Shimkus’ bill is aimed at augmenting the federal government’s authority to develop the long-planned and fiercely contested Yucca Mountain nuclear waste repository in Nevada. The measure has made it out of committee, but the schedule for a potential House floor vote was not known this week.
The West Lake Landfill language was added to the bill at the request of Rep.

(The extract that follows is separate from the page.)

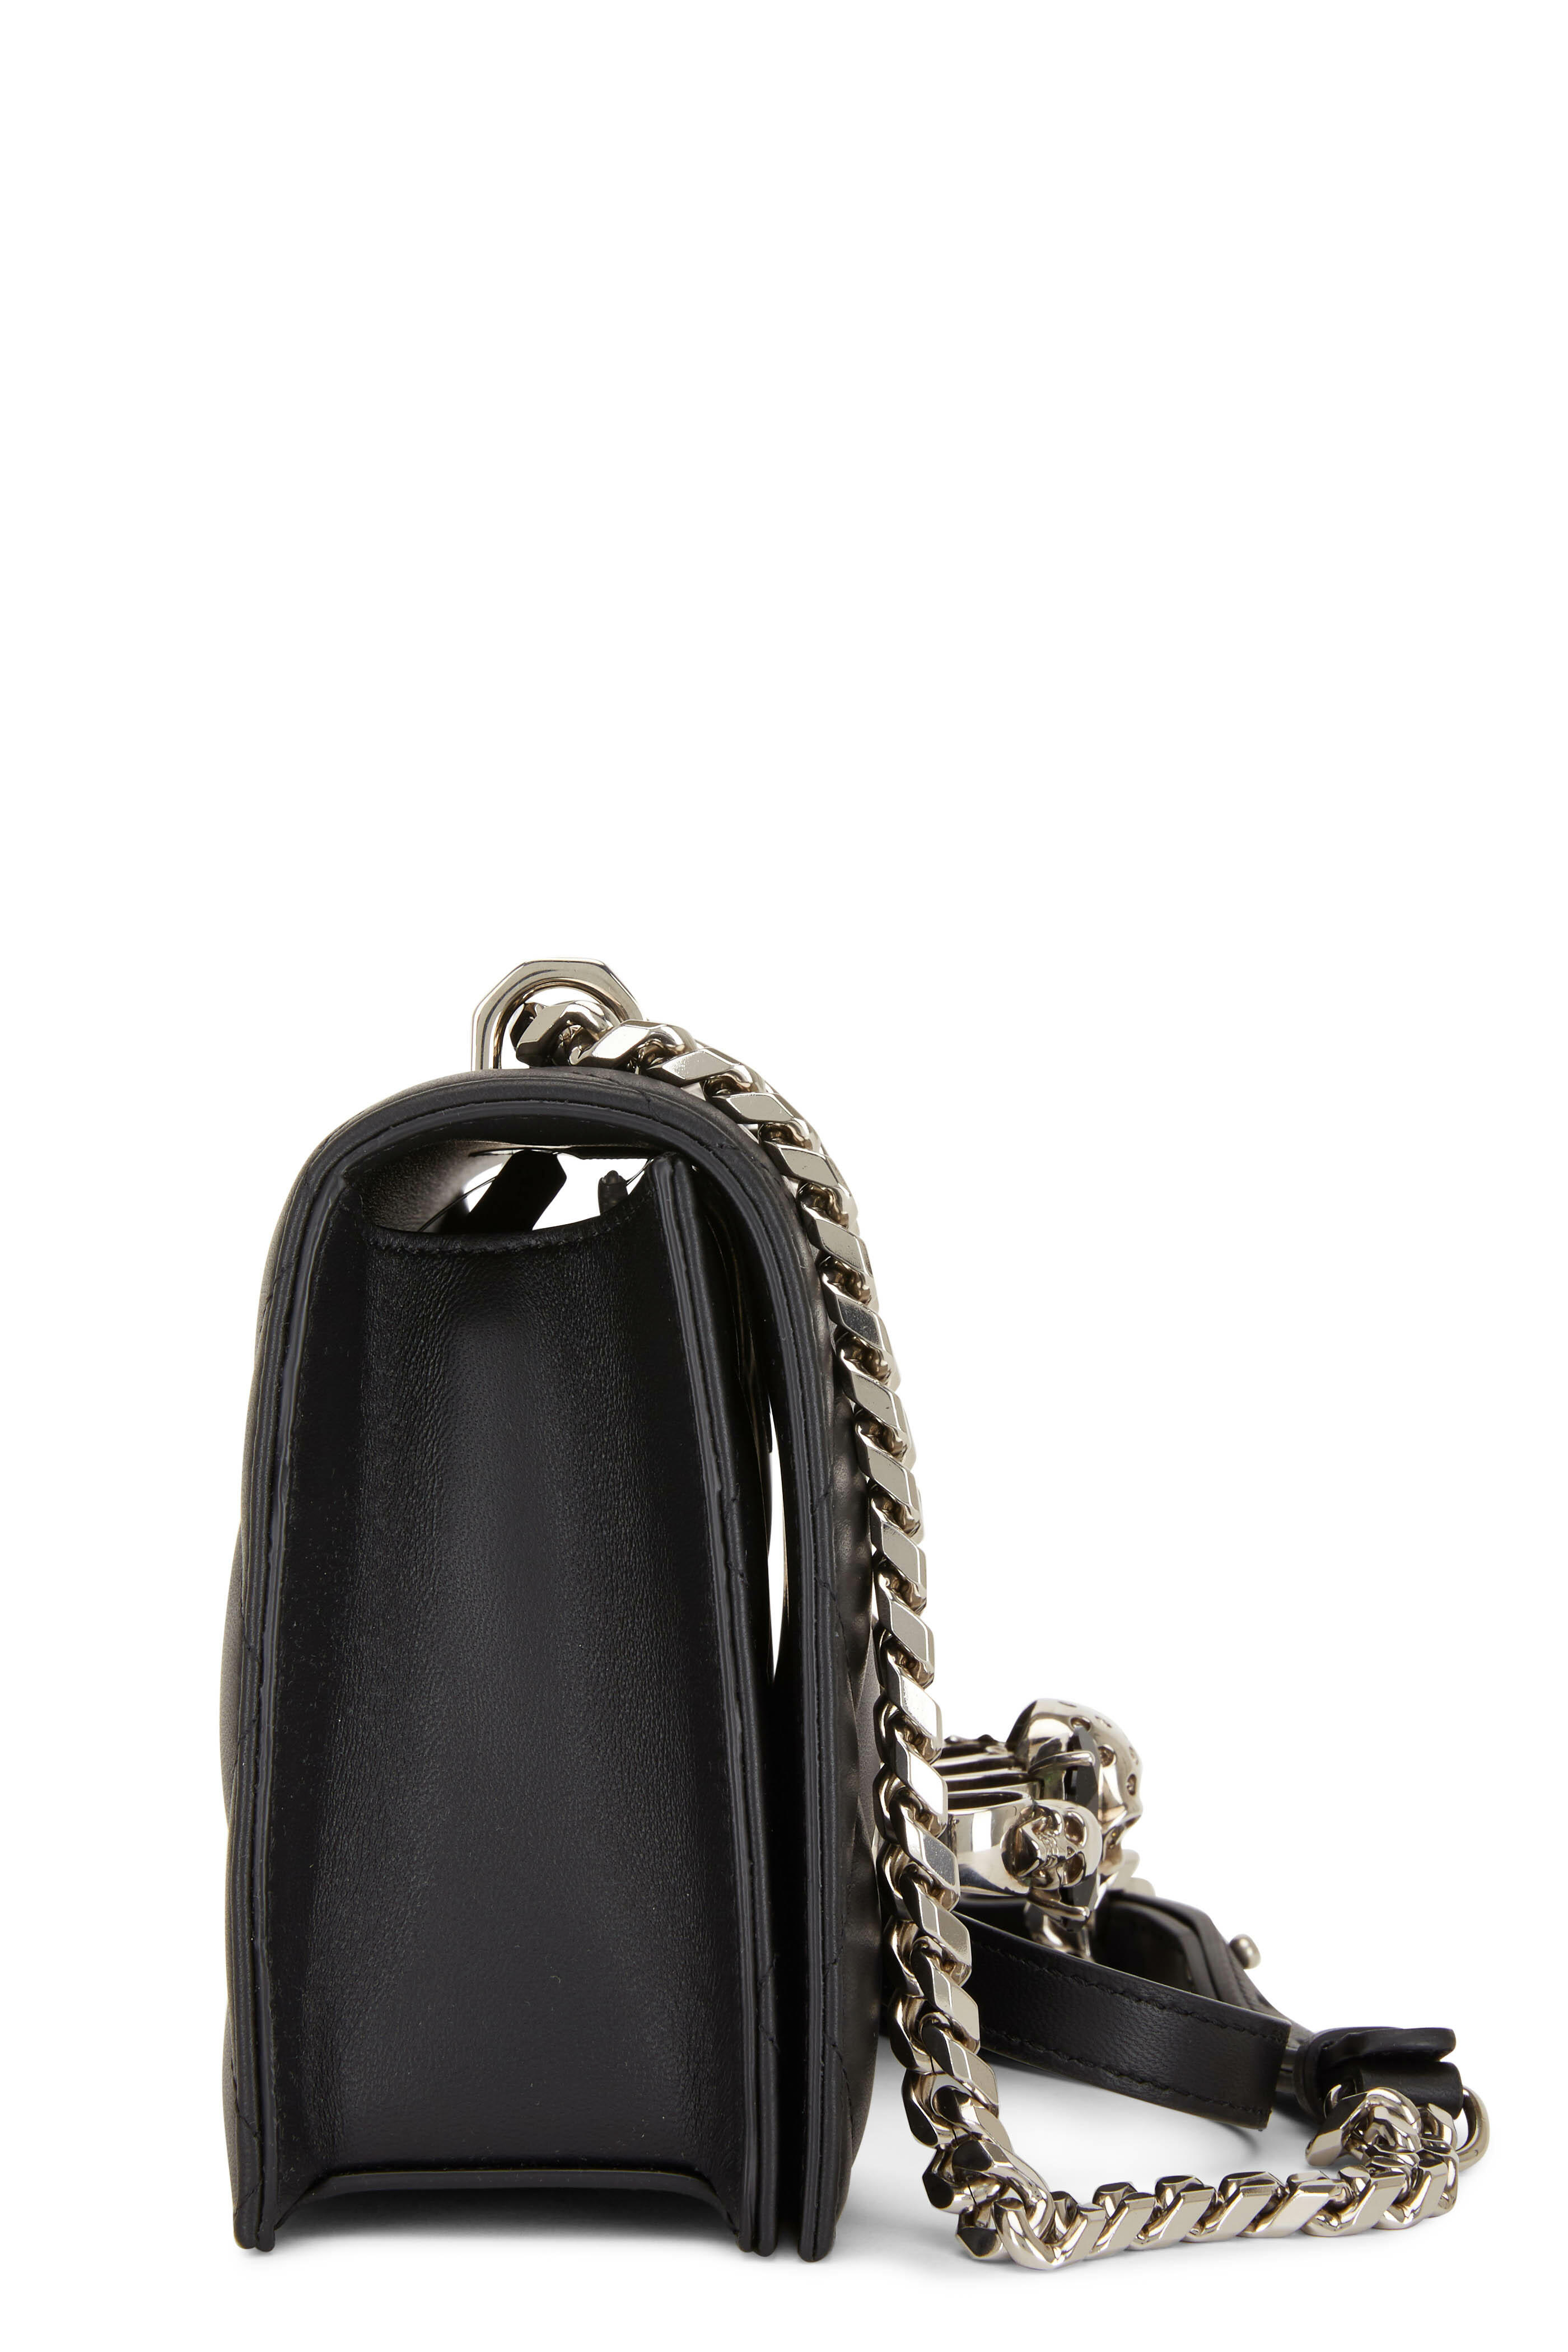 Black Quilted Leather With Swarovski Crystals Handbag

William Lacy Clay (D-Mo.), whose office did not respond to several requests for comment.
The EPA placed the 200-acre site on its National Priorities List in 1990, but has been criticized in more recent years for its management of remediation — with some lawmakers and others calling for the U.S. Army Corps of Engineers to take over the project.
The draft version of the EPA’s final feasibility study for West Lake lists a number of cleanup options: no action, cover and contain, as planned but not carried out under a 2008 EPA record of decision; extracting all radiologically contaminated material and disposing of it off-site; and two partial removal options.
“After EPA proposes a final remedy for the site, the agency will hold a public comment period before issuing an amendment to the 2008 Record of Decision (ROD), at which time the agency will notify congressional offices,” Washburn wrote.
EPA Administrator Scott Pruitt would have to sign the ROD amendment for any Superfund Site cleanup remedy costing $50 million or more. Apart from no action, the remedies listed in the draft final feasibility study all exceed that amount: cover and contain would be the least expensive at $67 million for capital construction, followed by the two partial excavation options at $313 million and $361 million, and the capital cost for complete remediation coming in at $616 million.
Once the EPA selects its remedy, it would begin negotiations with the potentially responsible parties for West Lake on an enforceable deal to carry out the work. That would be followed by remedial design and remedial action.
The remedial design phase involves establishing the technical and engineering for the selected cleanup remedy. The action phase then involves carrying out that remedy.
Based on the selected remedy, the work is projected to take anywhere from 2.7 years to 13.4 years.